[Supplied material]
===
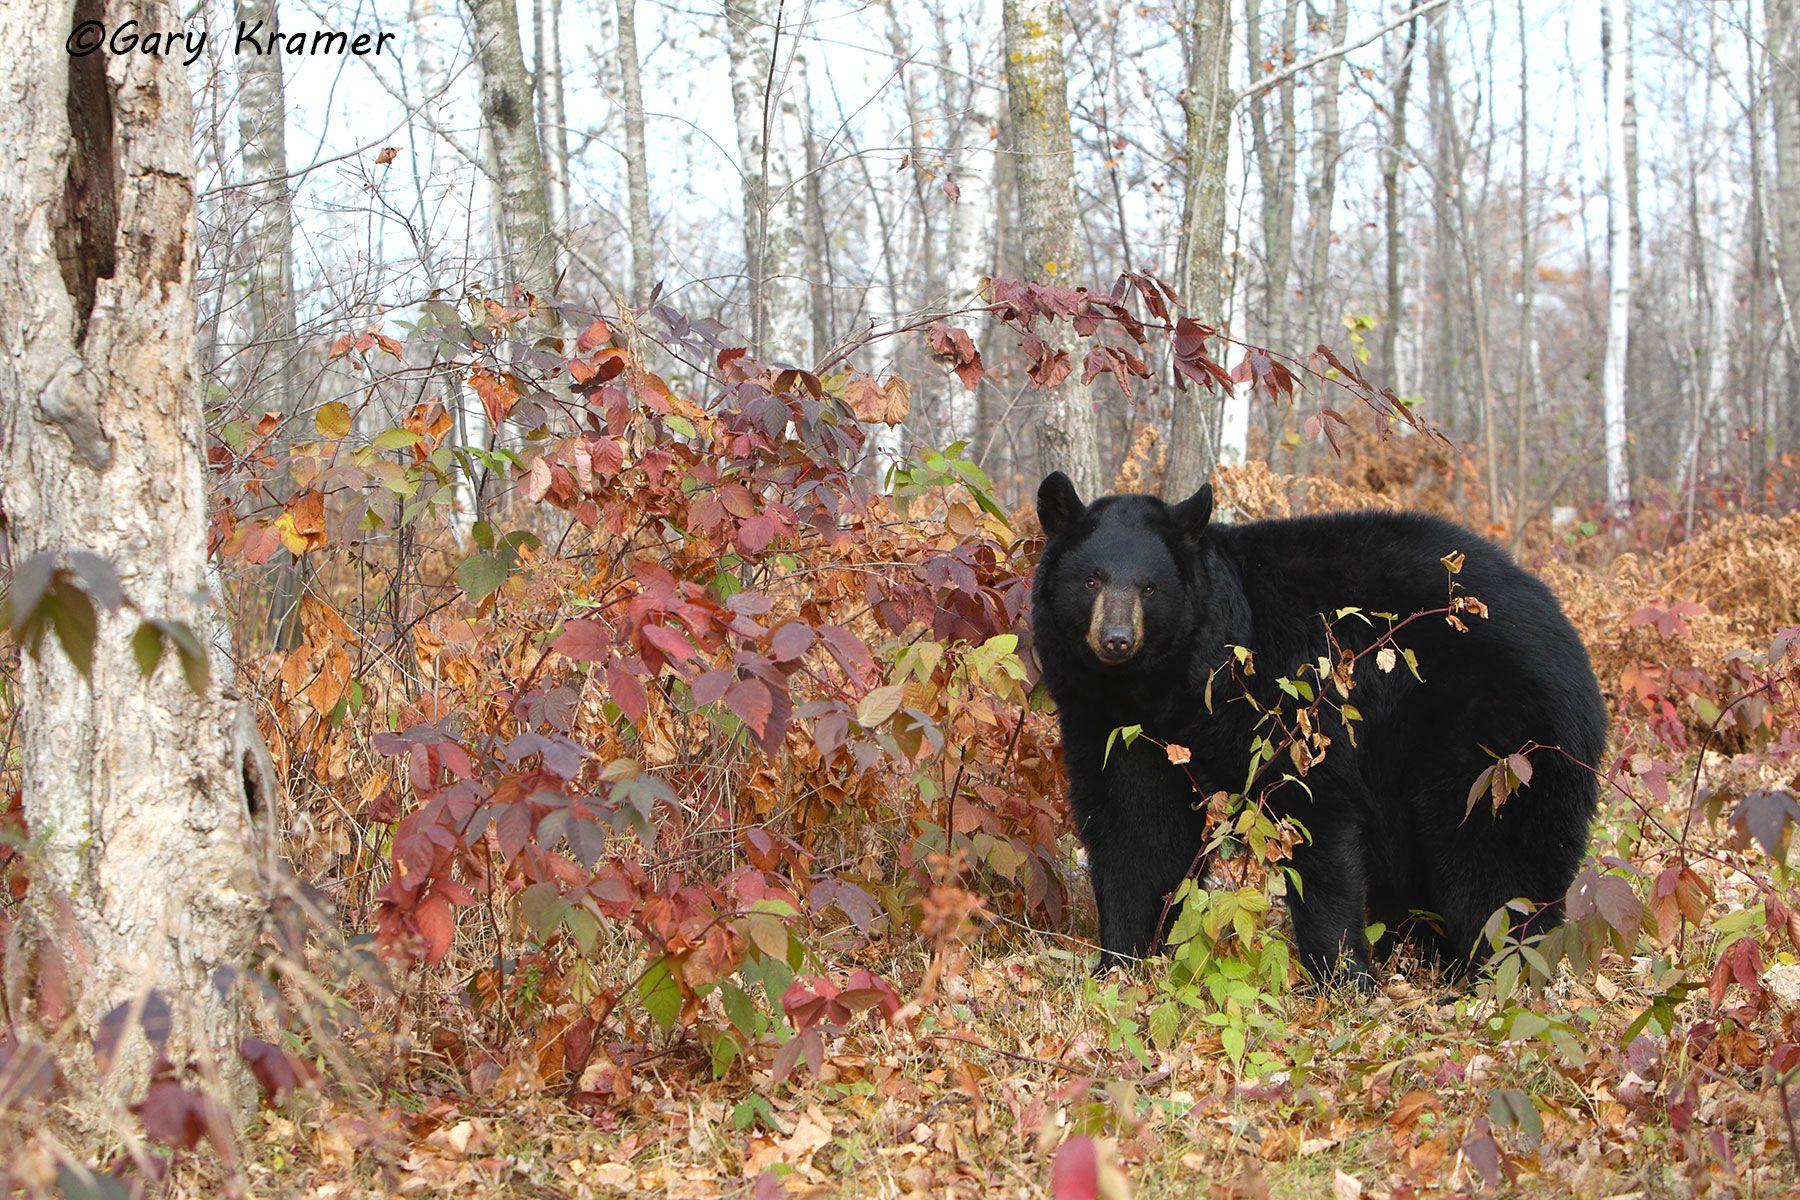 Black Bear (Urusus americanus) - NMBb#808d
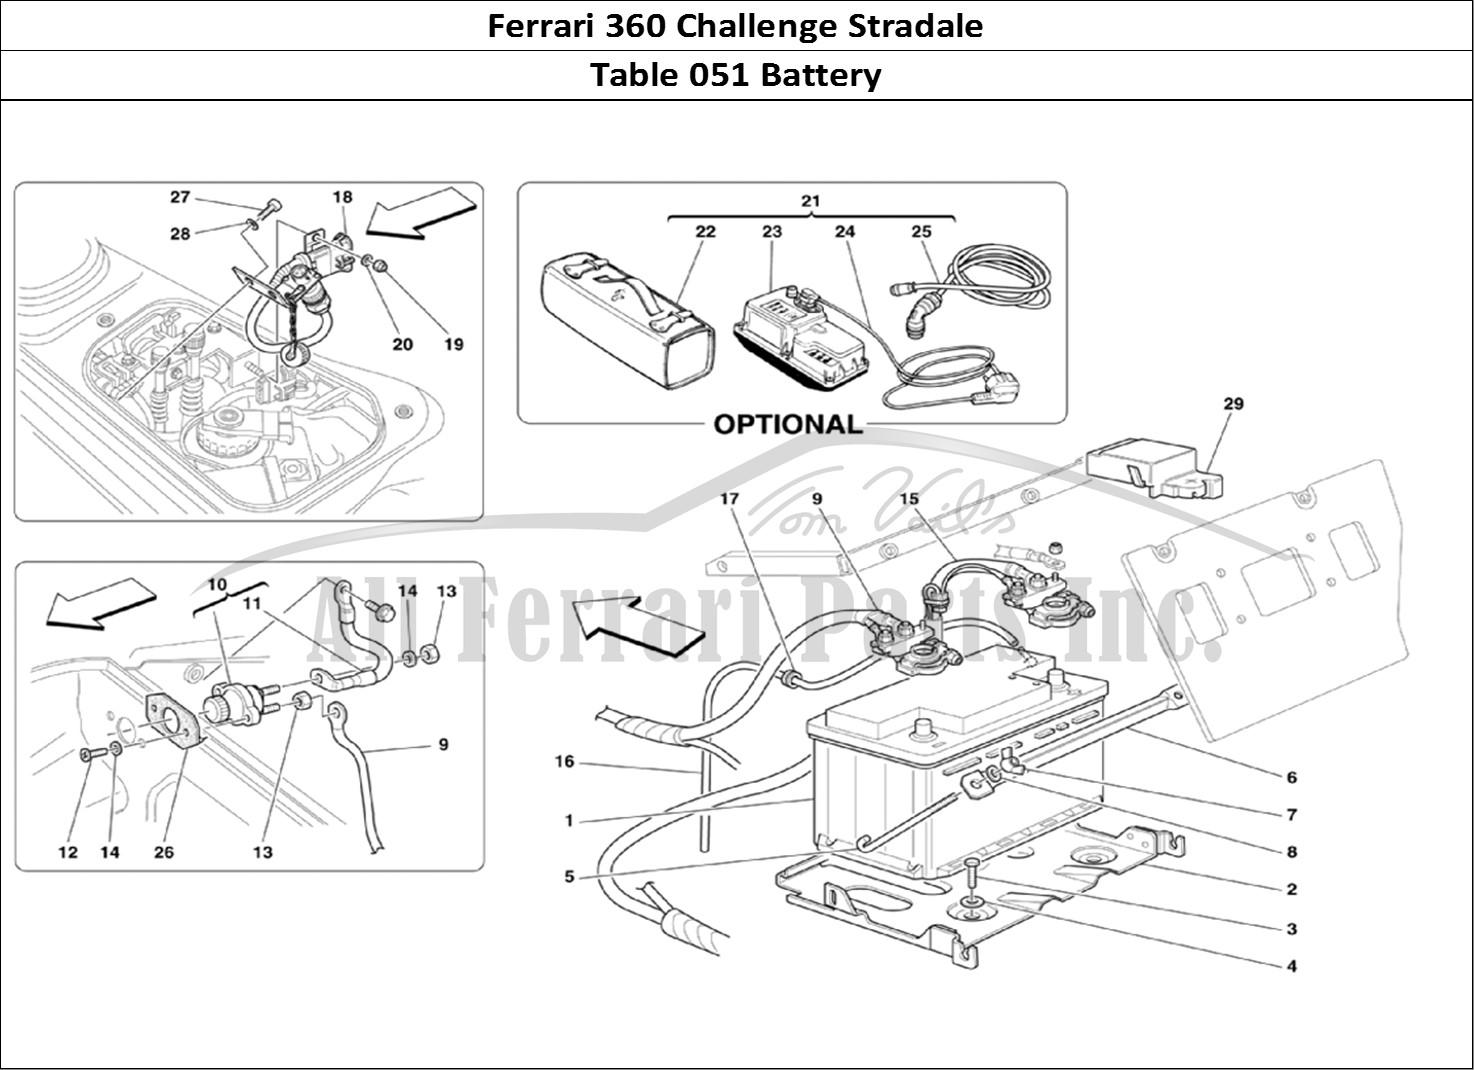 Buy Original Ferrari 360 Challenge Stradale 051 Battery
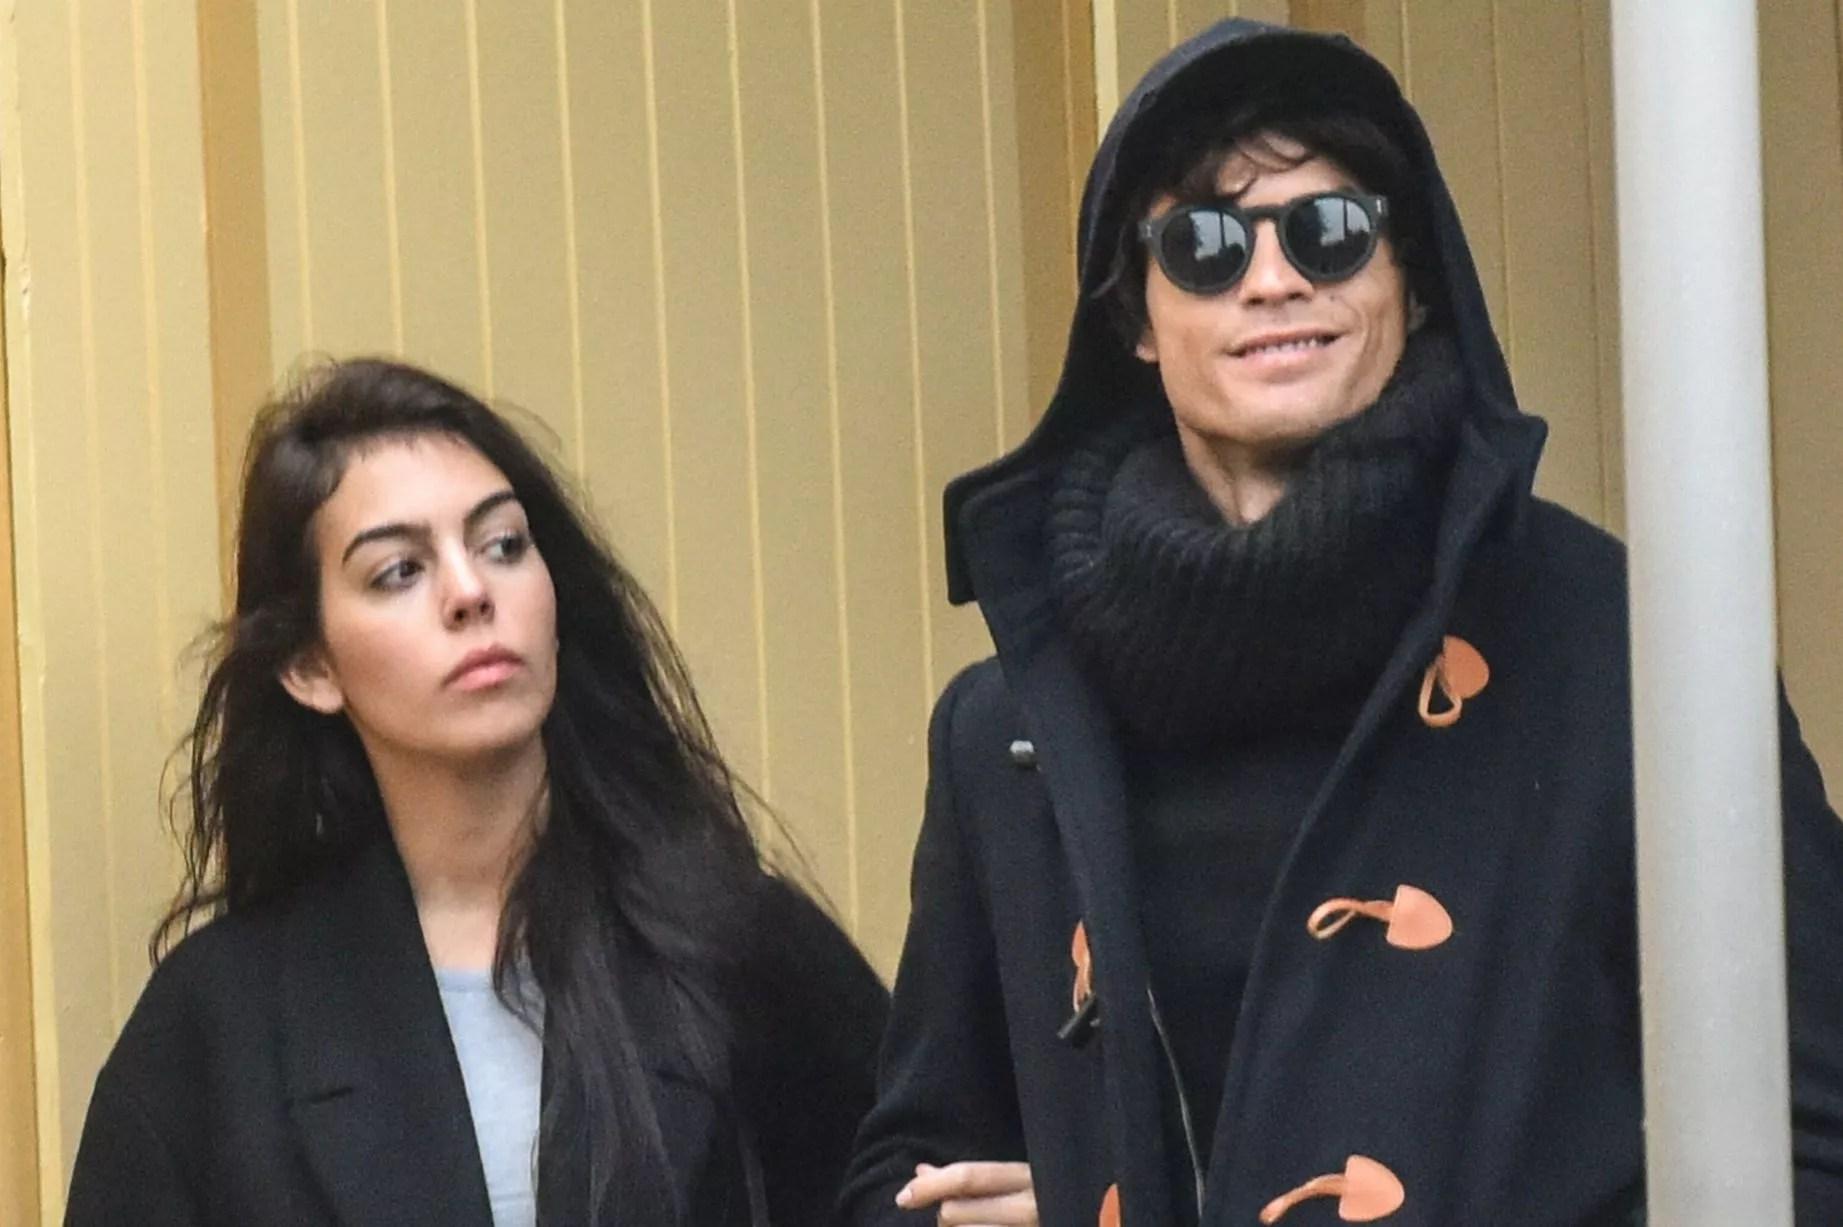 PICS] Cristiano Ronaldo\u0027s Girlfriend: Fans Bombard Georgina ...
===
[Exercise brief] This task calls for restating, word for word, each line from the line holding "Buy Original Ferrari" through the end of the material, pictures left out.

[Written answer]
 Buy Original Ferrari 360 Challenge Stradale 051 Battery
 PICS] Cristiano Ronaldo\u0027s Girlfriend: Fans Bombard Georgina ...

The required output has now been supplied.